According to Pharmaprojects, China has now overtaken Europe as a source of new-to-pipeline drugs, with South Korea also leapfrogging the UK and Switzerland. Most of the Chinese programs that were deal targets involved well-validated cancer targets like BCMA, CD19, VEGF, and EGFR. However, KLK2, GPRC5D, TSLP, and IL-33 are all targets outside of the traditional cancer realm, perhaps signaling a shift towards research and development on autoimmune disease drugs in China, where cancer has previously dominated.

Outlook

Even in a year when overall deal volume sagged, bispecifics have emerged as the strategic through-line: fewer transactions, bigger checks, and broader ambition. The top licensing deals treat bispecifics not as niche bolt-ons but as potential backbone therapies spanning multiple solid tumors—and, increasingly, immune-mediated disease. China’s engineering muscle has been pivotal to this shift, supplying validated PD-1 × VEGF and BCMA × CD3 engines alongside a growing crop of non-oncology targets (TSLP, IL-33, and KLK2).

“One area I would keep an eye on is bispecific ADCs,” said Tang. Phipps also pointed to upcoming clinical readouts for new mechanisms: “Everyone’s always looking for new targets for T-cell engagers. I think that the clinical data in ovarian cancer suggest that claudin 6 (CLDN6) is going to be important; and in renal carcinoma, there’s a lot of anticipation for readouts around T-cell engagers targeting ectonucleotide pyrophosphatase/phosphodiesterase family member 3 (ENPP3).”

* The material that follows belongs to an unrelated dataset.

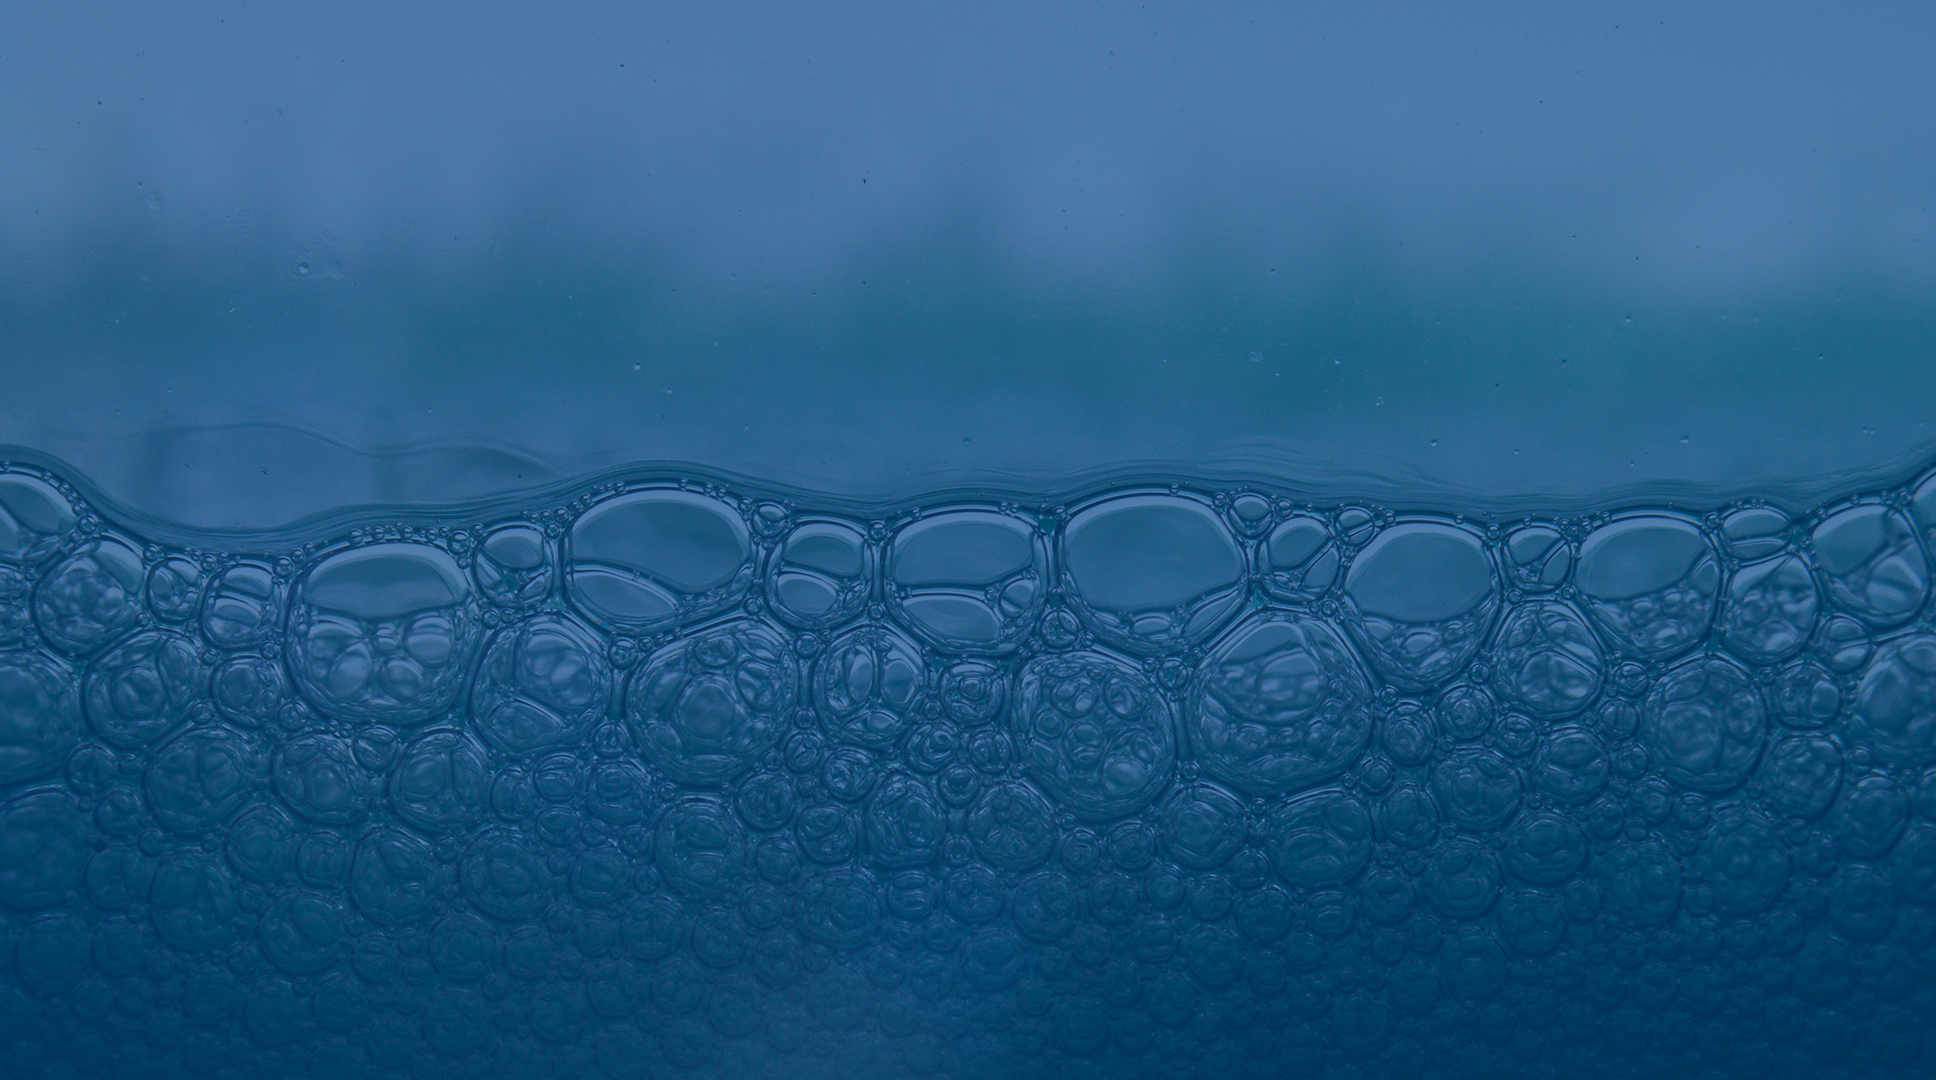 Image of soap bubbles

Whether the bispecific momentum persists into 2026 and beyond will depend on whether clinical data position next-generation agents to supplant existing single-target monoclonal antibody franchises. Cross-border licensing should remain brisk as multinationals bridge patent cliffs, and Chinese developers monetize speed and scale, leveraging their ability to obtain early human ‘proof of signal’ data in investigator-initiated trials. If those boxes get ticked, the ‘year of the bispecific’ won’t read as a blip in a down market—it will mark the start of a new default modality.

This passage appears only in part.